Tudjman's August 1 Sabor speech was a search for concessions in an attempt to defuse the war threat. It may also help to spread the political fallout from a possible defeat by Serbia. Ironically, losing Serbian-dominated territory in Croatia could remove a stumbling block for those on the Croatian right who want to realise an ethnically pure state. But neither Tudjman, nor any rightist Croatian politician, could say so and remain in power.

These circumstances help explain Tudjman's August cabinet reshuffle and the replacement of the previous one-party HDZ government by a new coalition. Right-wing nationalists, defence minister Sime Djodan and interior minister Onesin Cvitan, jointly responsible for defence strategy, were removed, though they remain in an ill-defined "war cabinet". Two Serbs were appointed to minor positions in the new government.

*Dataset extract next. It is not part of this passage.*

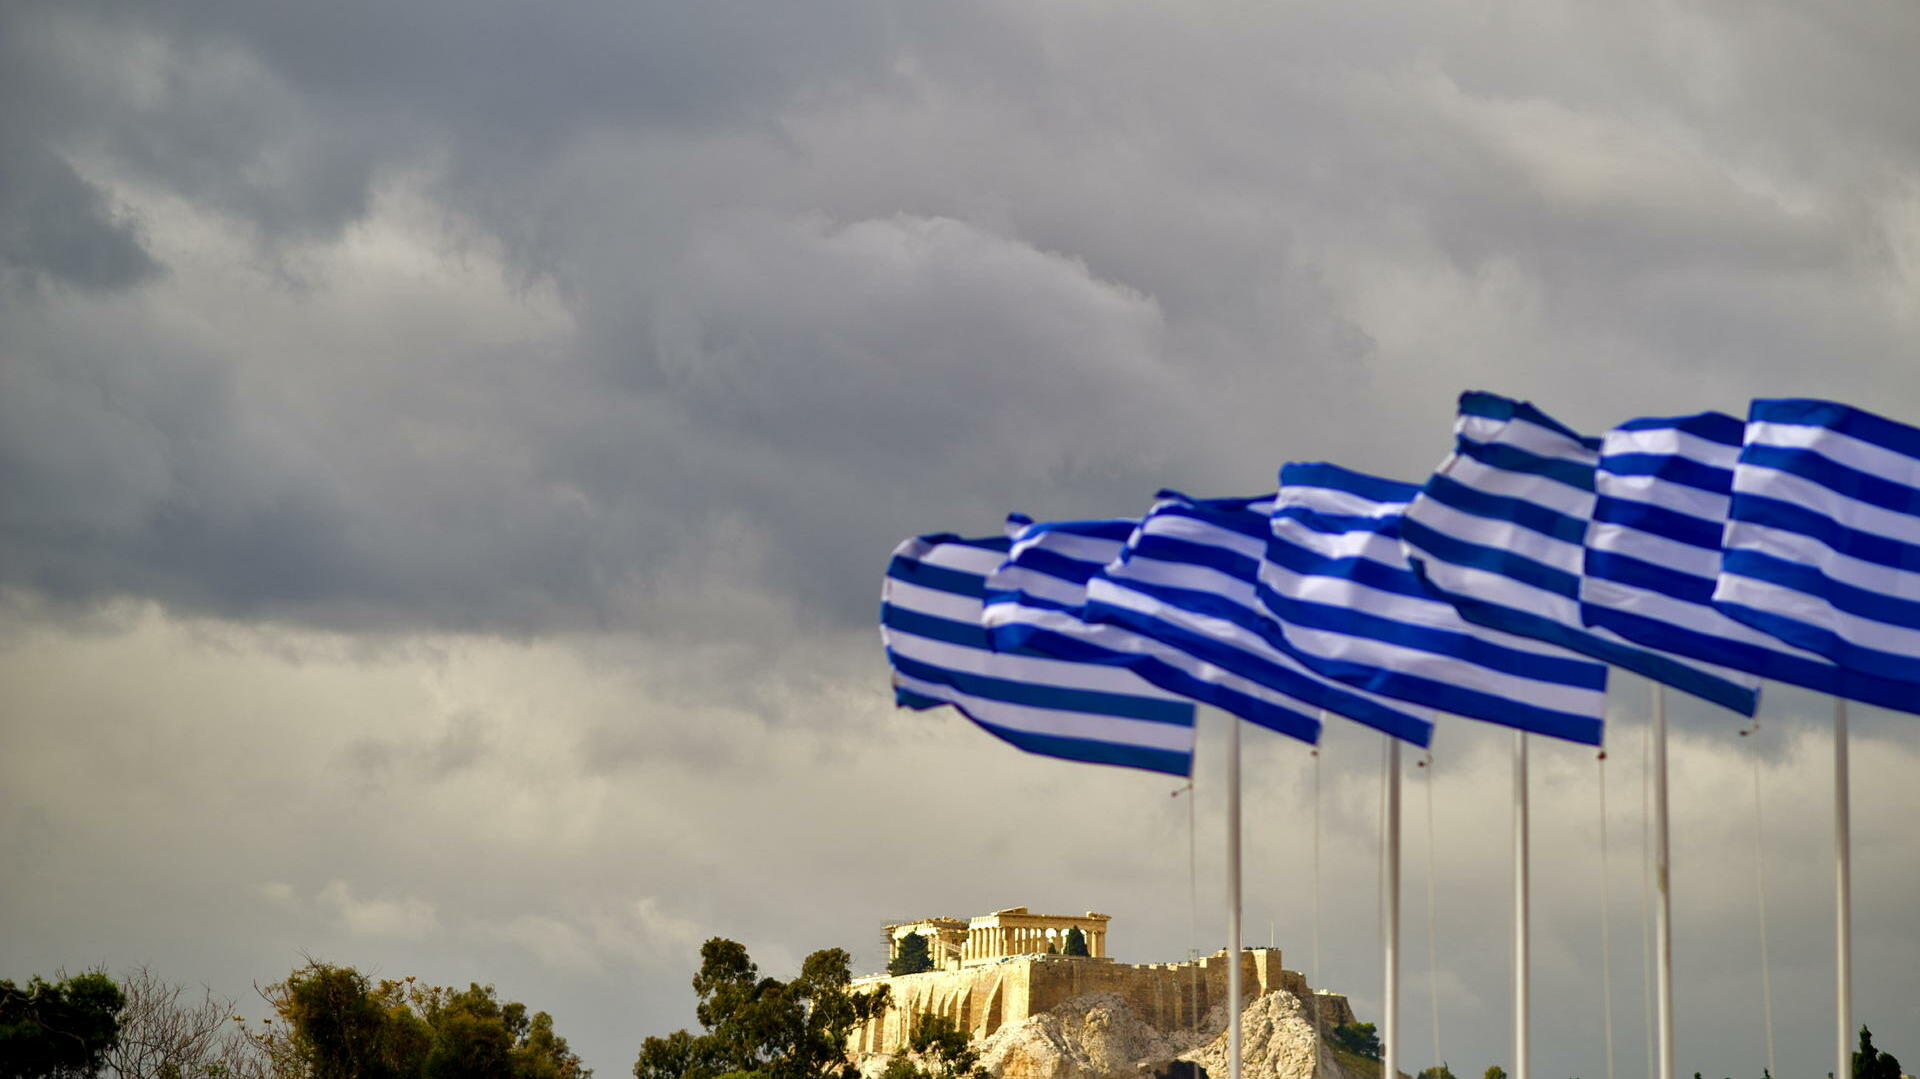 Rekapitalisierung: Griechische Banken müssen weiter bangen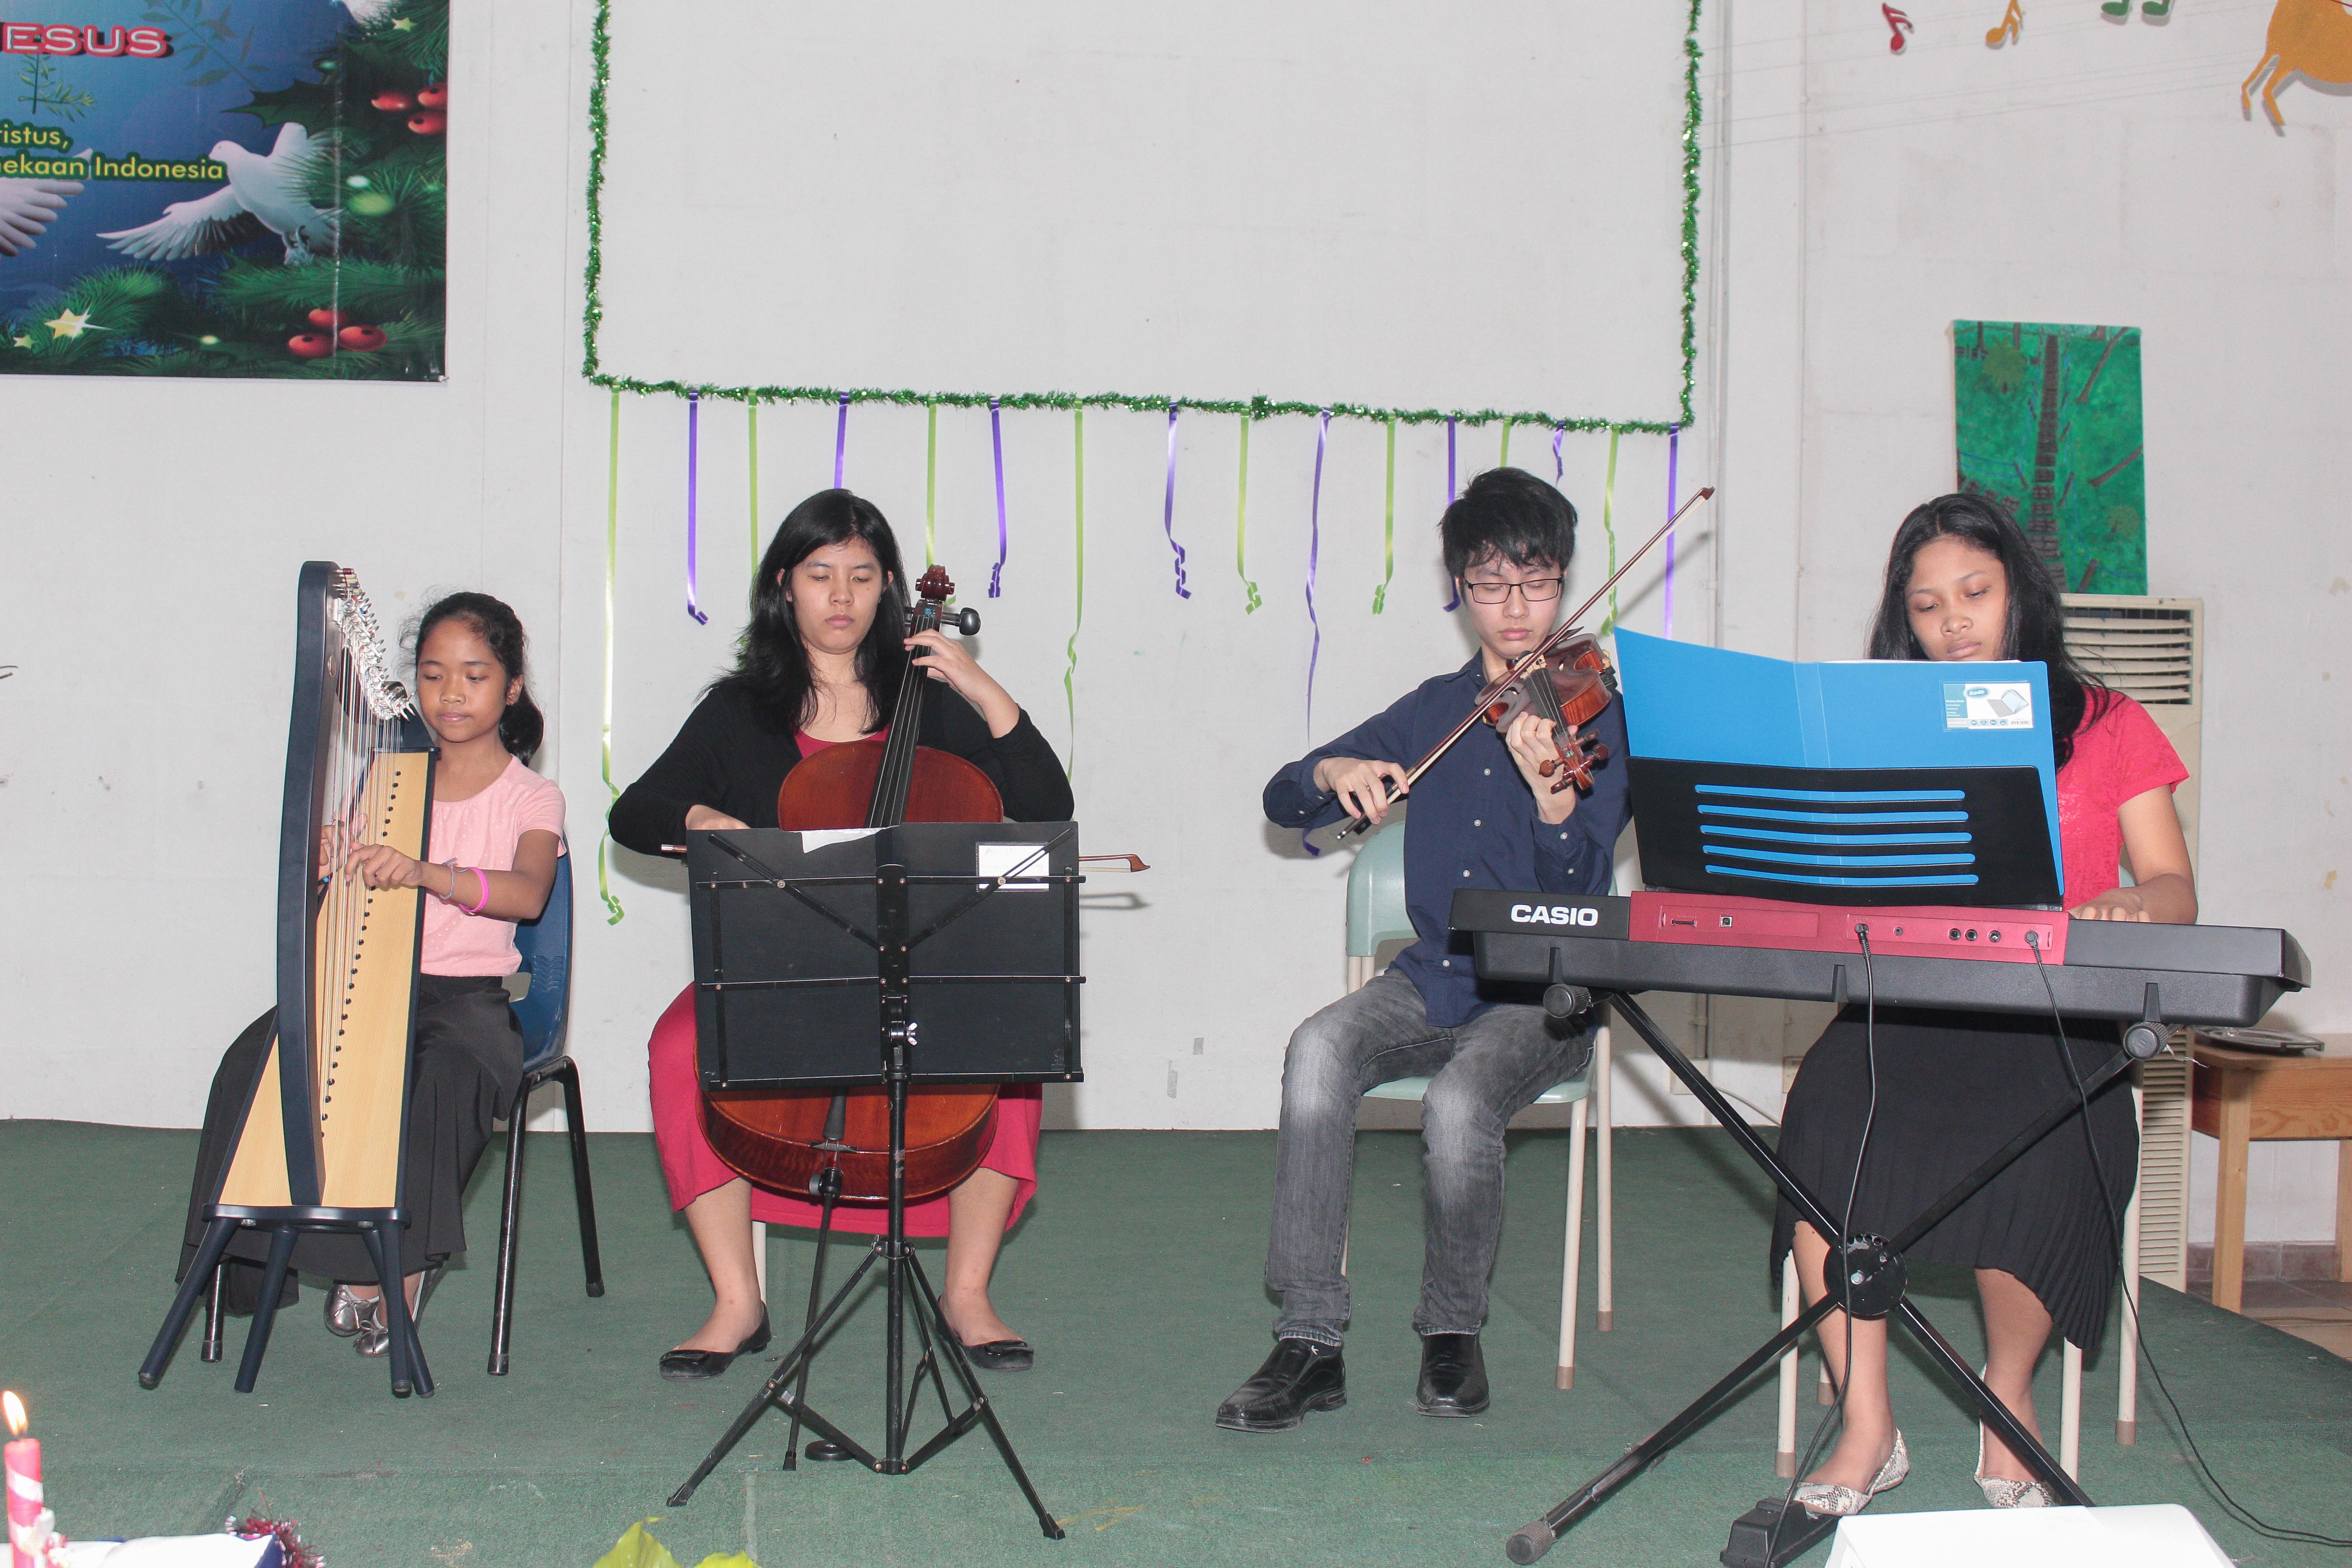 Sekolah anak inodoneia-Natal-sekolah papua-natal 2016-sekolah anak papua-perayaan natal papua-perayaan natal anak papua

The Tudjman plan also envisaged offering cultural and political autonomy to ethnic Serbs, proposed negotiations with the Serbs at Knin ("Krajina") and called for extending the intervention of the EC observers' mission to include Croatia.

Milorad Pupovac thinks the measures may be too little too late. Reportedly, the far right of the HDZ refuses any concessions to the Croatian Serbs.

Imprisoned for his role in the repressed 1971 "Croatian Spring" democratic movement, and again in 1982 after Tito's death, Tudjman won the 1990 republican elections at the head of the HDZ, which captured 58% of seats. The HDZ promised independence for Croatia.

Like Tudjman, Milosevic was lifted to power by the nationalist movement. Milosevic came from obscurity to win the Serbian Communist leadership in 1987, promising to redress the 1974 constitution's separation of Vojvodina (55% Serbs and 19%

Hungarians) and Kosovo (77% Albanians, 13% Serbs) from Serbia. He did that by military-constitutional means in 1988-89.

But as one Zagreb politician told the press: Tudjman may have made mistakes with regard to his republic's Serb minority, while Milosevic wants to destroy Croatia; there is no comparison between the two.

Zagreb academic Rada Ivekovic told Green Left Weekly, "Up to and during the election campaign, Tudjman was more pronounced in his right-wing [nationalist] claims than now because, after he came to power, he had to play the moderate within his party ... There are people in the HDZ more to the right than he is, including the defence minister [Sime Djodan], and there are other rightist parties."

Tudjman's moderation in dealing with Serbia's aggression produced open tension within the ruling party and the postponement of a session of the Sabor early this month as HDZ hardliners increased pressure for returning sacked cabinet ministers to their posts, for a general mobilisation and for the declaration of a state of war in Croatia.